Details of the suggested approach
The first part of the project involves improving the prior knowledge of ligand-to-target signaling paths. The first idea for this part is to continuously include additional relevant data sources to the currently integrated networks (e.g., cytokine signatures from CytoSig13). The second idea is to provide integration with context-specific data. We are currently exploring how to integrate context-specific gene regulatory networks inferred from complementary data such as (sc)ATAC-seq (e.g., by using tools like SCENIC+). In the near future, we will investigate how to include CRISPR perturbation data. We anticipate that downstream signatures obtained from (context-specific) perturbation of ligands/receptors/transcription factors might greatly improve how we link ligand-receptor interactions to downstream responses in the prior knowledge model.
The second part of the project involves extending NicheNet to take advantage of the wealth of information provided in spatial transcriptomics and longitudinal data. The main idea here is to exploit the expected covariance between ligand-receptor expression and target gene expression. For spatial data, we expect that real target genes of ligand-receptor pairs will show higher expression in cells that are physically close to cells that show high expression of the ligand-receptor pair. For temporal data, we expect to observe a delay in time between an increase in ligand-receptor expression in sender cells and an increase in target gene expression in receiver cells. Because some target genes that are induced at an early timepoint will encode for ligands or receptors that might be involved in cell-cell communication at a later timepoint, we might start inferring intercellular signaling feedback and cascade mechanisms over time. In the hope of better discriminating between merely expression correlation between ligand-receptor pairs and target genes, we will use the improved NicheNet model to find links that are supported by plausible prior knowledge.

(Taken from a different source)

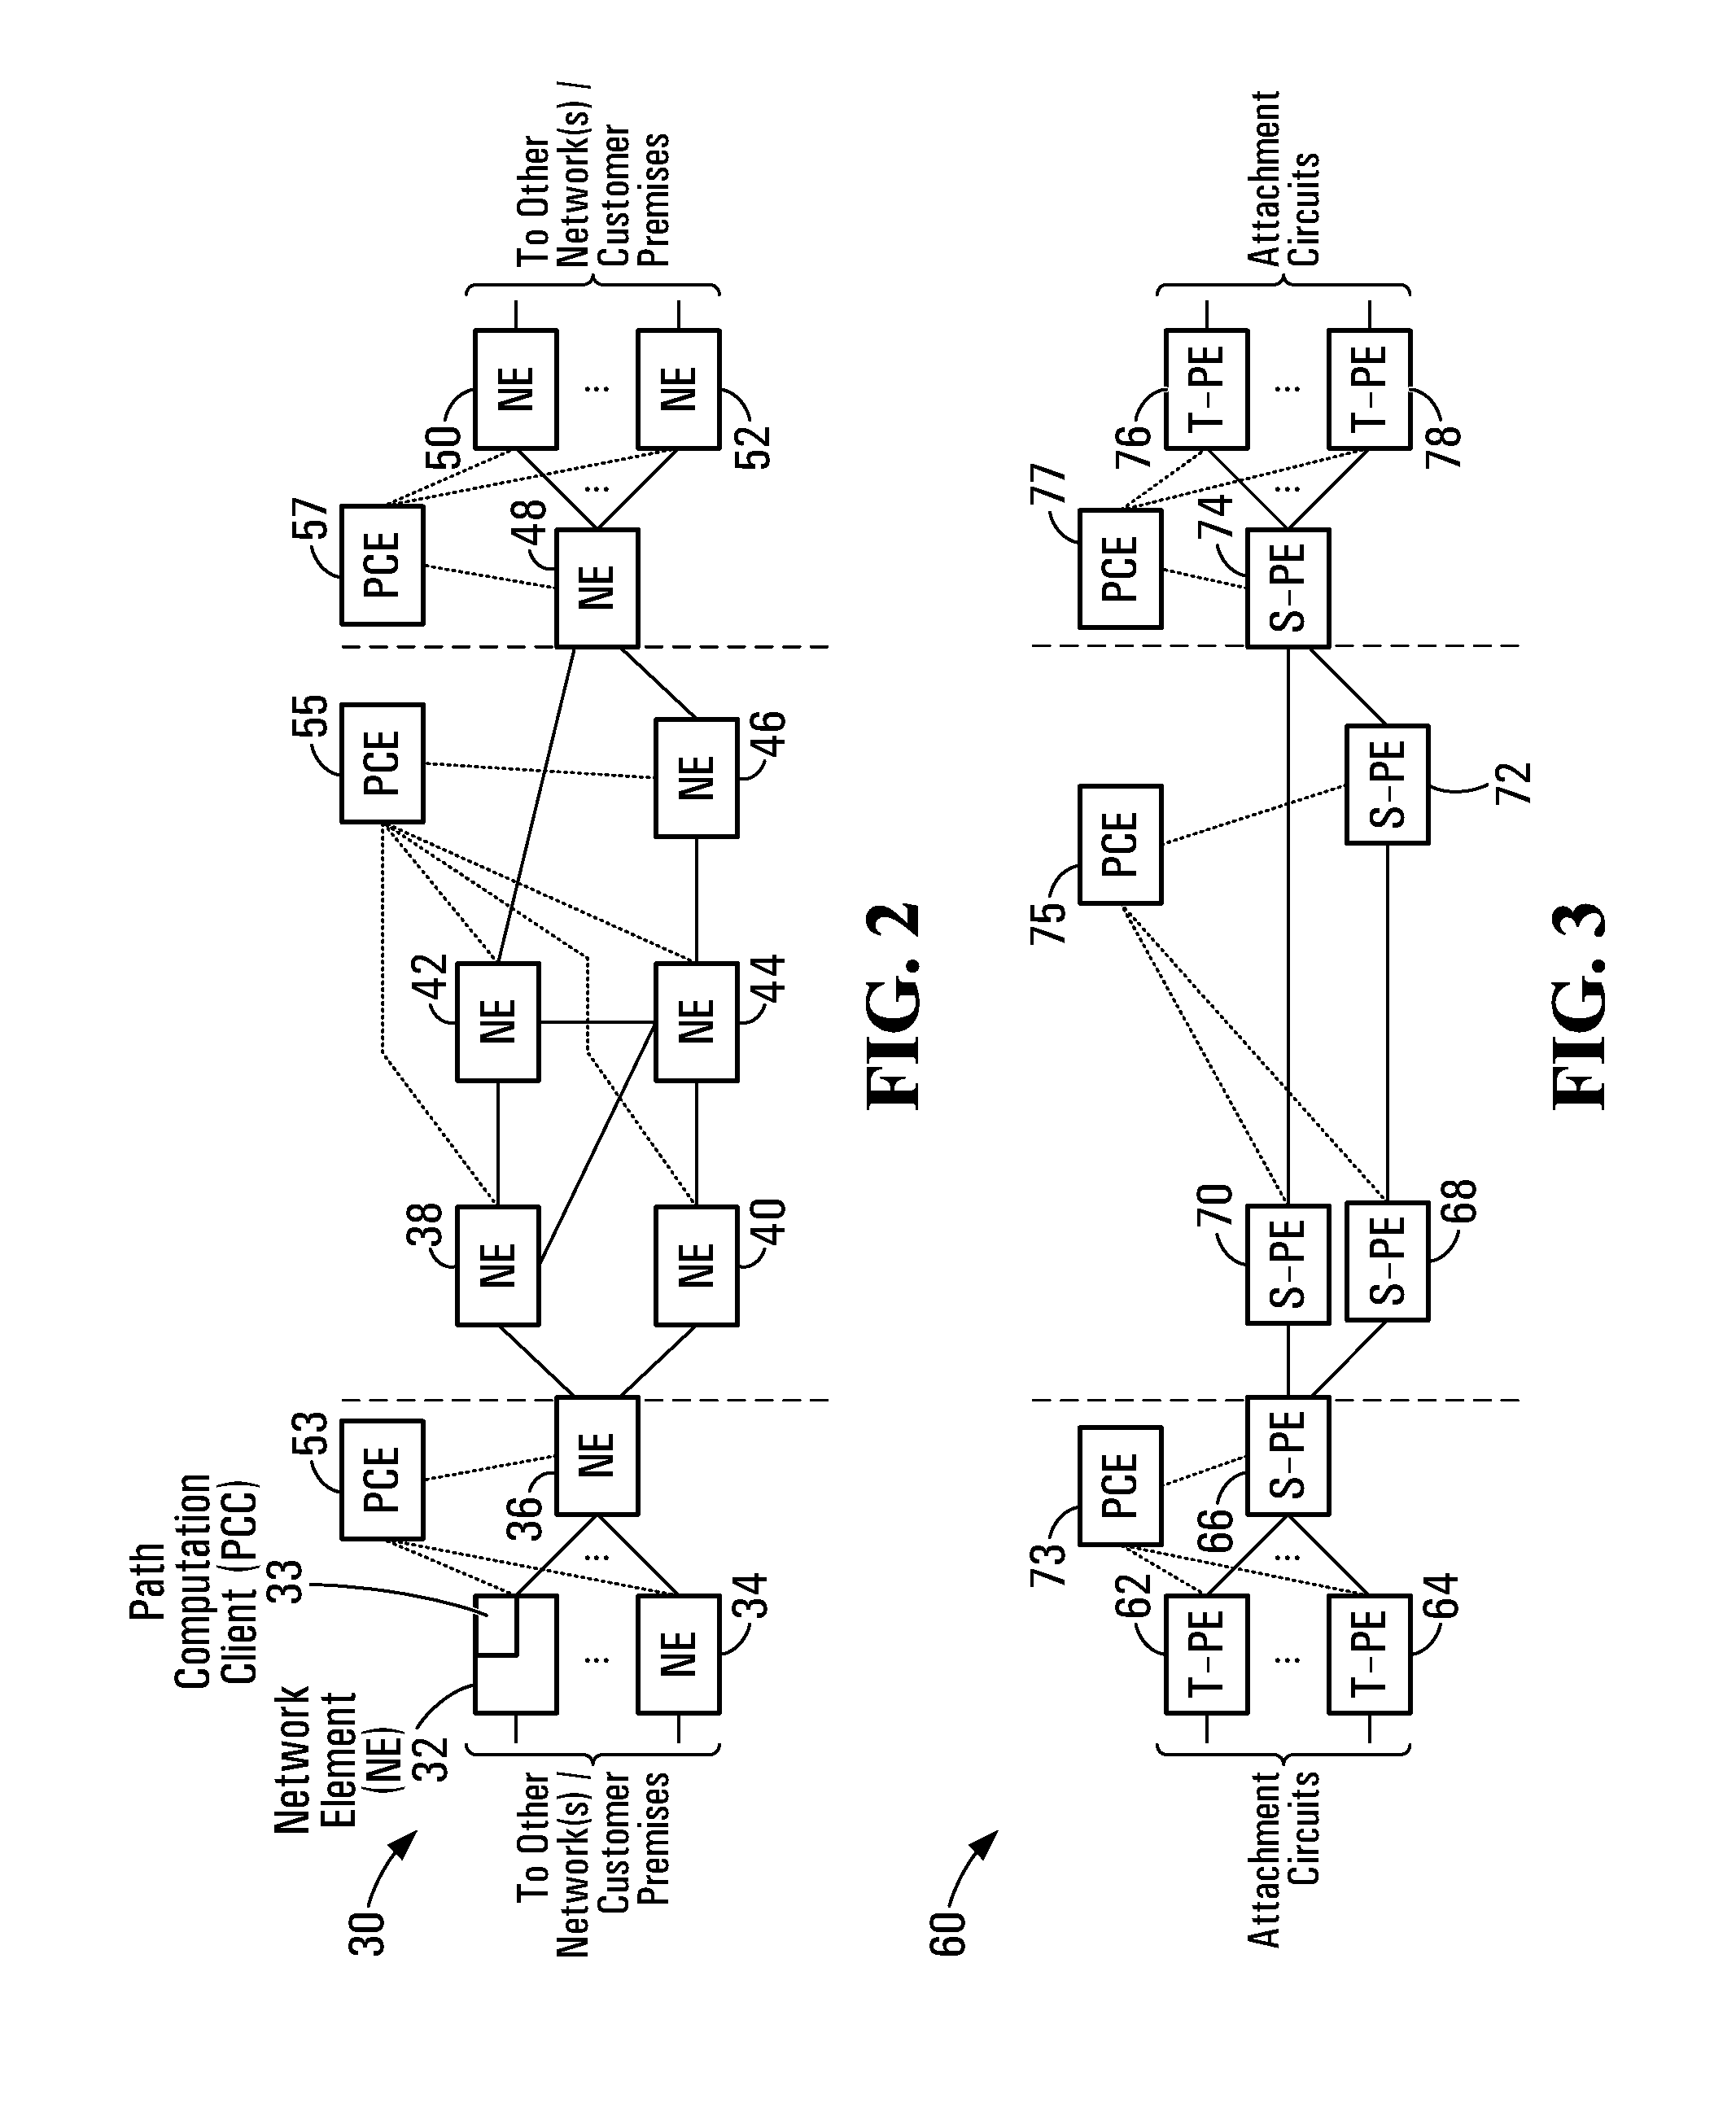 Virtual connection route selection apparatus and techniques

How it will affect the broader field
We anticipate a substantial interplay between this computational framework and wet-lab experimental work. First, NicheNet generates hypotheses from omics data to guide wet-lab validation of potentially crucial cell-cell communication patterns in the system under study. In the other direction, NicheNet will greatly benefit from ongoing efforts in experimentally determining downstream effects of important mediators in cell-cell communication (e.g., through CRISPR screens). The power of the approach is that the more and better prior knowledge becomes available, the better cell-cell communication patterns will be deciphered from omics data of interacting cells. In the end, we hereby hope to contribute to an improved understanding of the role of cell-cell signaling in health and disease.